In group 1, 8 (5.8%) patients and in group 2, 3 (3.4%) patients and a total of 11 (4.9%) patients had complications. There was no statistically significant difference between the groups in terms of complication (p=0.535). Polyethylene liner dislocation was encountered in 3 patients; 2 spontaneously in group 1 and 1 due to trauma in group 2. In one patient, a thicker polyethylene liner was placed and in two patients, revision was made with primary knee prosthesis. In one patient, loosening due to early and severe osteolysis was observed around the implants and hypersensitivity was detected against cobalt and it was revised with primary TKA produced from oxinium and titanium. In one patient, in follow-up, varus collapse was encountered and was revised with knee prosthesis. Three patients were revised with primary knee arthroplasty in the first year due to pain of unknown. In group 2, acute prosthesis infection was seen and was treated by irrigation and debridement in one patient. Polyethylene liner dislocation was encountered in two patients, a thicker polyethylene liner was placed in one patient and revision was made with primary total knee prosthesis in the other patient.
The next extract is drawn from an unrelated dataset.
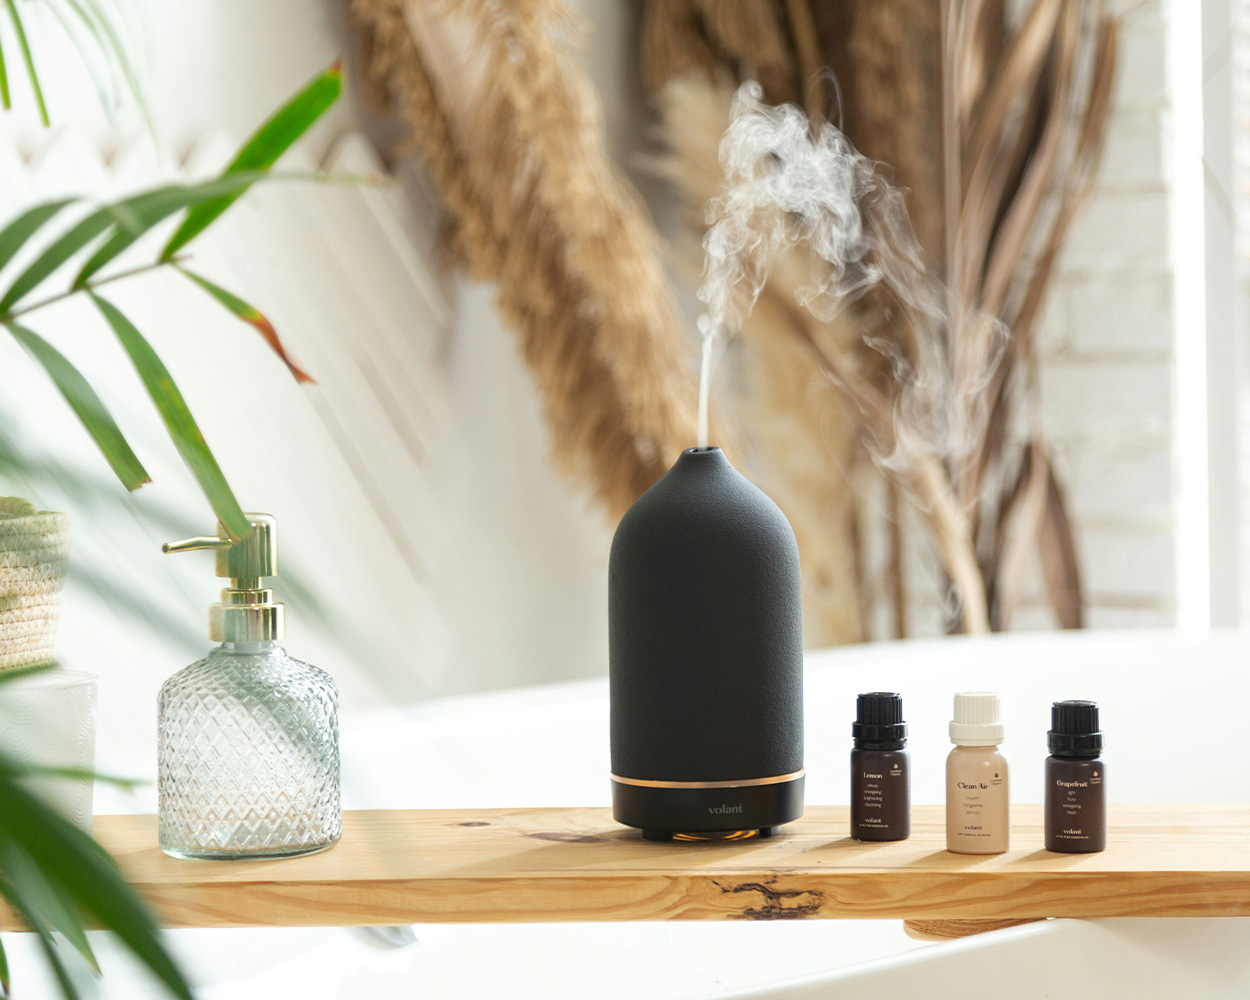 Wooden shelf displaying a black aromatherapy diffuser, small bottles of essential oils, and glass soap dispenser.

It is known that duration of anesthesia, hospitalization and rehabilitation are shorter in bilateral TKA or UKA application in the same session and it is also more economical for the patients and health system compared with bilateral TKA or UKA application in different session (11,14-16). However, there are also those who claim that the complication rates are higher (17,18). In this retrospective study, clinical and radiological results of the patients with medial joint osteoarthritis in whom unilateral UKA and bilateral UKA in the same session were performed, were evaluated and compared with each other. Thus, it was aimed to see whether the risk of complications and bad clinical results were increased in bilateral UKA application. According to our findings; the radiographic and functional results and satisfaction of the patients with at least two years follow-up who had similar age, gender distribution, BMI and functional scores before surgery, were similar in those who underwent unilateral UKA and who underwent bilateral UKA. More importantly, the complication rates in patients with bilateral UKA were not higher than in those with unilateral UKA. For this reason, bilateral UKA should not be avoided in appropriate patients with indication to reduce treatment costs, to reduce patients' admission to hospital and to complete all rehabilitation process at once. In a similar study by Romagnoli et al. (3), complication rate and revision need of 220 patients with bilateral UKA in the same session and 347 patients with unilateral UKA were evaluated at the end of at least two years follow-up. Although it was found that blood loss and allogenic blood transfusions rates were higher in the patients treated with bilateral UKA, complication and revision rates were similar between groups. In that study, although patients underwent surgery without using tourniquet, intravenous or intraarticular tranexamic acid was not administered and although they were asymptomatic patients, patients with hemoglobin values below 8 mg/dL received transfusion which could explain the relatively high blood loss and transfusion rates in the bilateral UKA group (11).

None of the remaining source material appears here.